We tell you that you are strong because you are! You are amazing, for keeping your family functioning, and being in this pain. If someone ever says "Seriously? Not again." or even has that look in their eyes, you need to turn your back and walk the other way. They are not worth your time! You are so much better than that. I hear you that you want to wallow in your self pity, I have been there, done that. If you need a shoulder to cry on, call me. With all of my issues, I can honestly say that I understand wanting to curl up in a ball in a corner by myself and cry, I've been there and done it. You need your family more than ever to help you, you need to be willing to reach out and accept the help. We will be thinking of you on Tuesday.
Take Care of yourself, and those beautiful kids.
Love Mandi

Michelle said...

Thank you so much Mandi, that means so much to me. I am a lucky girl indeed to have my family and friends like you - and thank you for introducing me to this wonderful world of expressing myself. I will be in touch about the aftermath of Tuesday's adventures! (I'm trying to look at it that way) xo, M.

My Journey as a mom of 4 under 5! said...
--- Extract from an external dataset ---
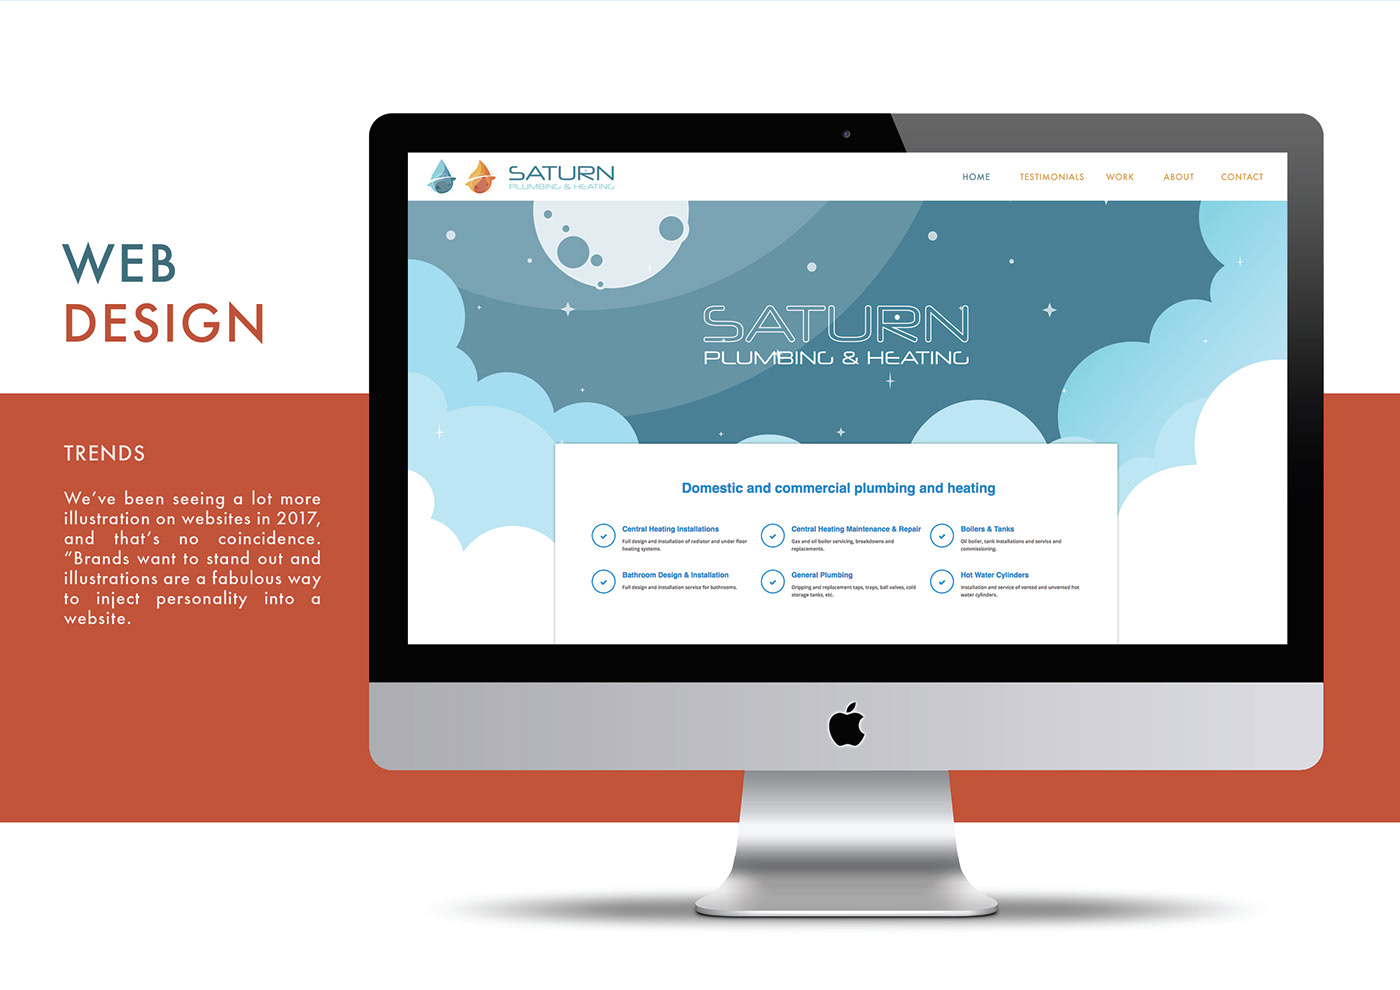 graphic design  branding  Branding design brand identity visual identity logomark Logo Design Business Design design concept Branding Concept Rebrand logo rebrand Business Rebrand Web Design  app design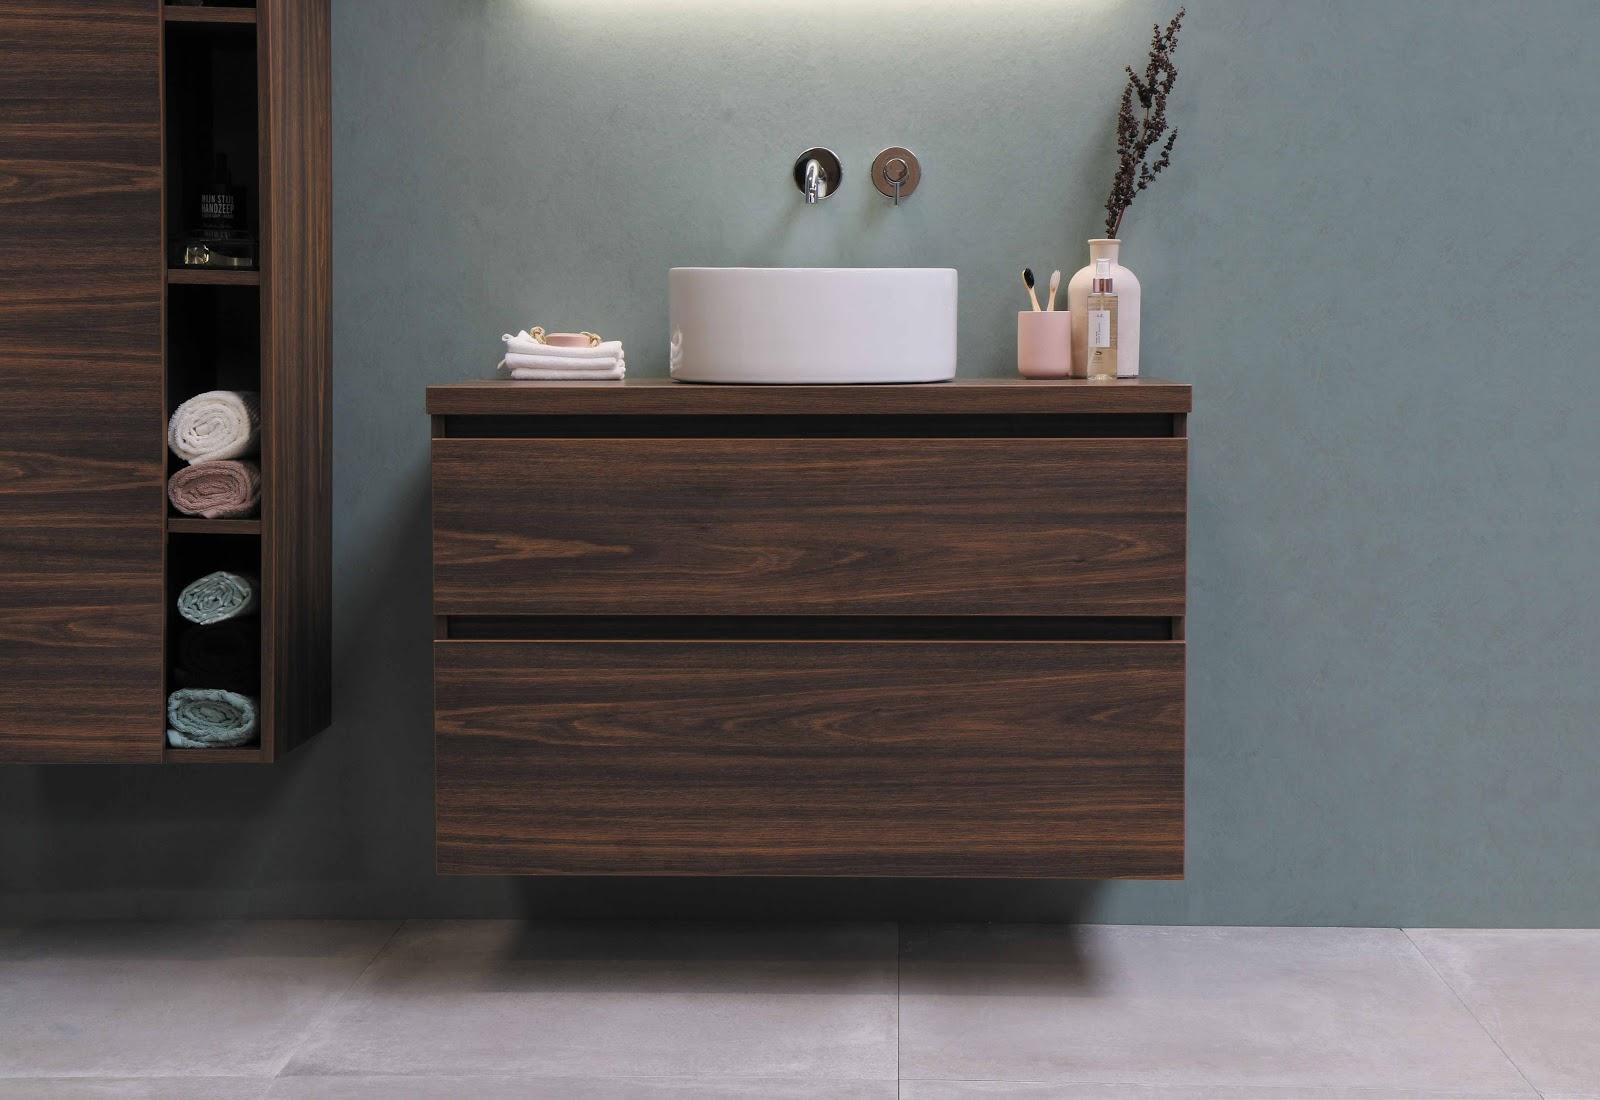 Basement Storage Ideas - Cabinets

We will be saying a prayer for you. I know how you feel about the whole thing. I have been having problem with my health and it's just the begining. but i am always here for you. and will even fly down there to be with you if you need someone. I know there id a long road and that you feel like many time giving up, but you can't you have to much to get healthy for.
Love you xo
Joni

Tammy said...

Thanks for including me in this. I had no idea you're health problems were becoming this serious. I do know how you feel when you get that look of "not again" it's not easy being "unwell" especially for someone like you who carries off life so effortlessly. I aspire to be as good a mom as you are :)

Michelle said...

As I sit here and tear up I am so thankful I started this blog after all.